Pour faciliter la comparaison entre ces différentes études de cas, les auteurs
se sont efforcés de dresser un portrait de « leur » diaspora en respectant un certain
nombre de thèmes communs à tous les articles ( Alternative Names, Location,
History, Demography, Language, Culture and Community, Economic Activities,
Cultural Variation, Relationships to Host Country, Homeland and other Diasporic
Communities et Identity ). Ce système apporte effectivement un grand confort au
lecteur souhaitant avoir une vue d’ensemble d’un thème ou étudier de manière
comparative plusieurs cas. Cela donne toutefois à ces articles « à tiroir » un aspect
quelque peu clinique, dans lesquels chaque diaspora y est décortiquée de façon à
rentrer dans des petites cases. Les références situées à la fin de chaque article fournissent heureusement une base assez complète et récente pour les lecteurs désirant
approfondir leurs recherches.
Même si l’encyclopédie se concentre particulièrement sur six diasporas
« majeures » (les diasporas africaine, chinoise, italienne, juive, coréenne et d’Asie
du Sud), la grande variété des auteurs garantit la diversité des points de vue. C’est
l’une des forces de cette encyclopédie, qui apporte ainsi au lecteur une somme
considérable d’informations et un vaste panorama de ces peuples en diaspora. Toutefois, à l’heure où la pluridisciplinarité et les échanges de points de vue sont
encouragés, force est de constater que les anthropologues se sont ici taillés la part
du lion face aux autres chercheurs en sciences sociales.
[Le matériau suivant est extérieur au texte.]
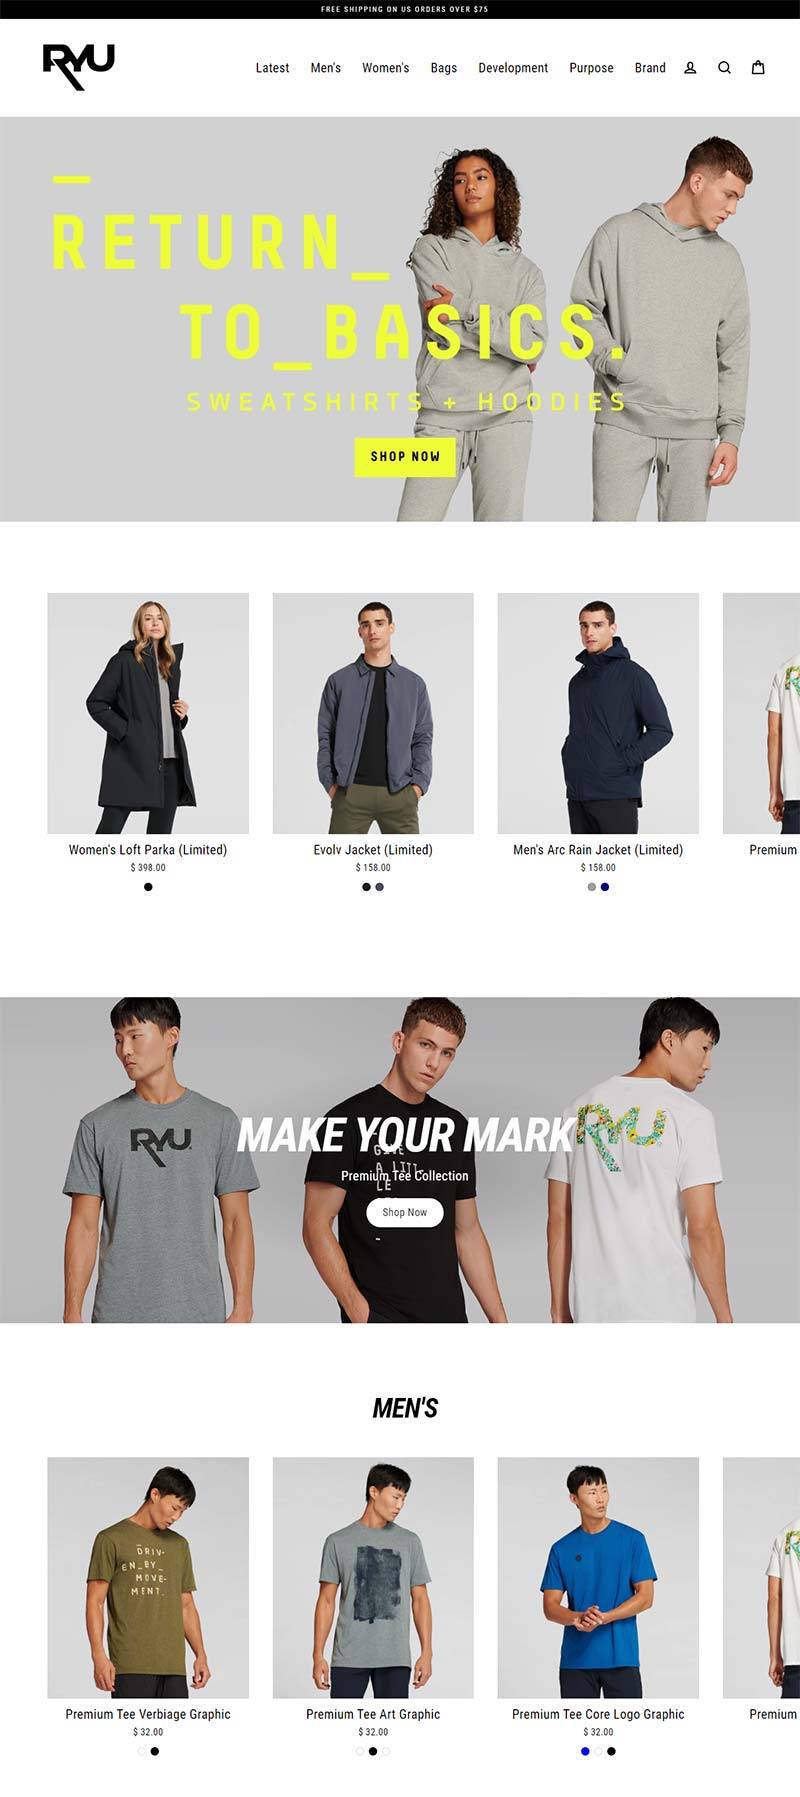 RYU 美国定制运动服饰品牌购物网站

Enfin, il est surprenant que l’on ne trouve pas dans cet ouvrage pourtant
entièrement axé sur le concept de diaspora une réflexion de fond sur celui-ci.
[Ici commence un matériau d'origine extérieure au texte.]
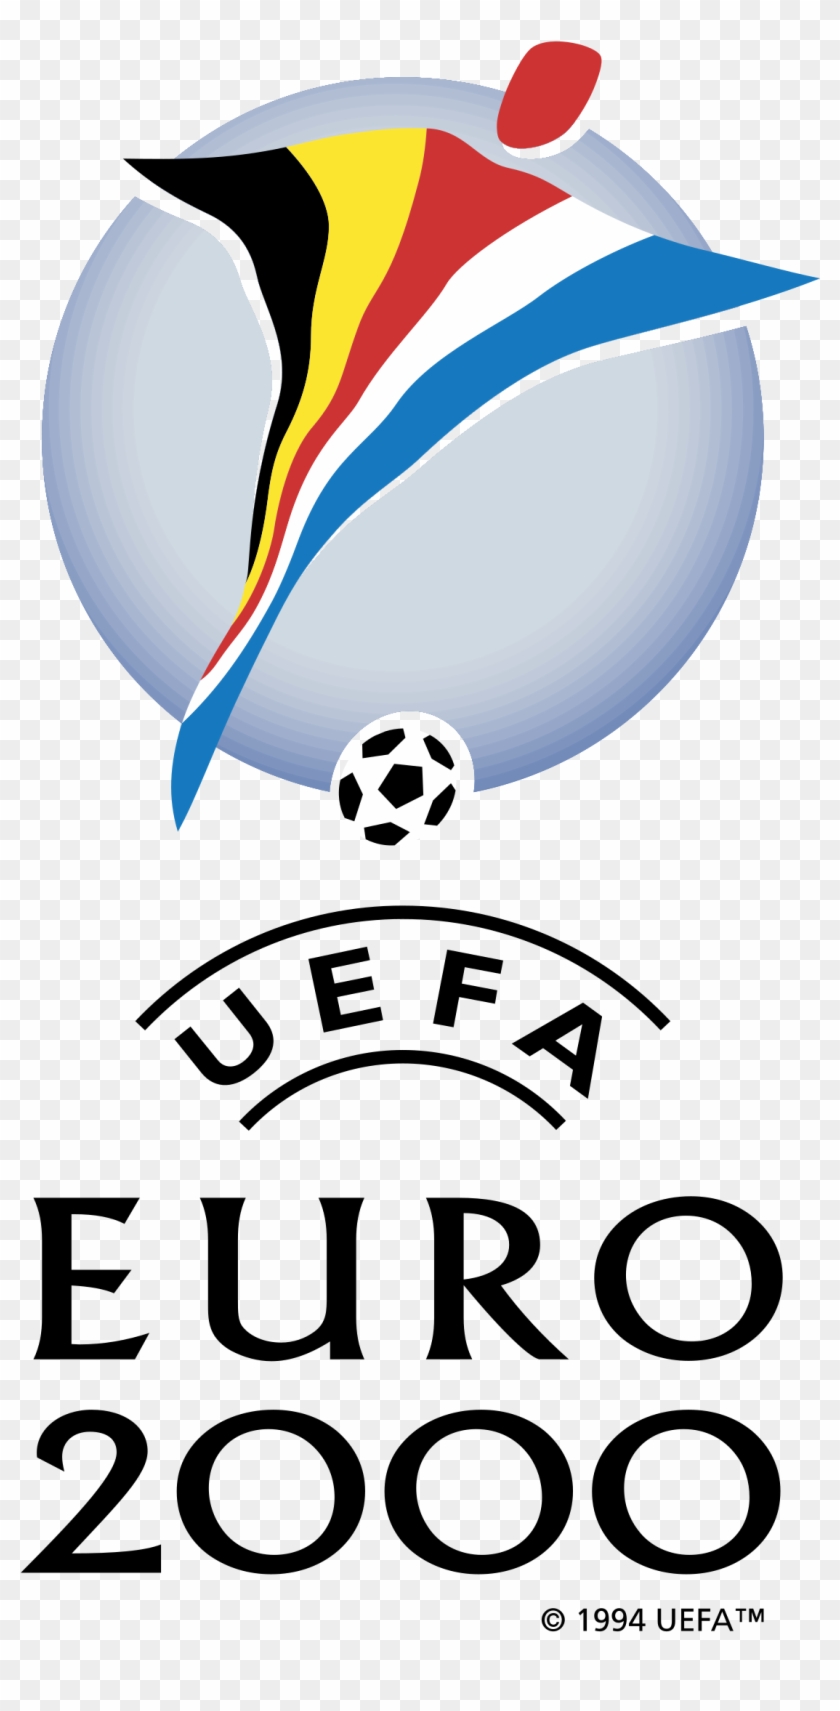 Uefa Euro 2000 Logo Black And White - Uefa Euro 2000 Logo #817805

L’accumulation d’études de cas n’est pas appuyée par une réflexion transversale
sur ce que l’on entend par l’emploi du mot « diaspora » et ne reste qu’une – certes
vaste – somme d’articles sur le sujet.
Camille RATIA
James COHEN, Spanglish America. Les enjeux de la latinisation des États-Unis, Paris,
Éditions du Félin, 2005, 256 p.
Avec Spanglish America , James Cohen s’inscrit dans le débat particulièrement vif actuellement aux États-Unis sur les significations et les enjeux de la
croissance de la population hispanophone aux États-Unis, et de la « latinisation »
qui lui est associée, définie par l’auteur comme « une transformation graduelle,
multiforme, mais en profondeur, de l’espace social, culturel, politique du pays »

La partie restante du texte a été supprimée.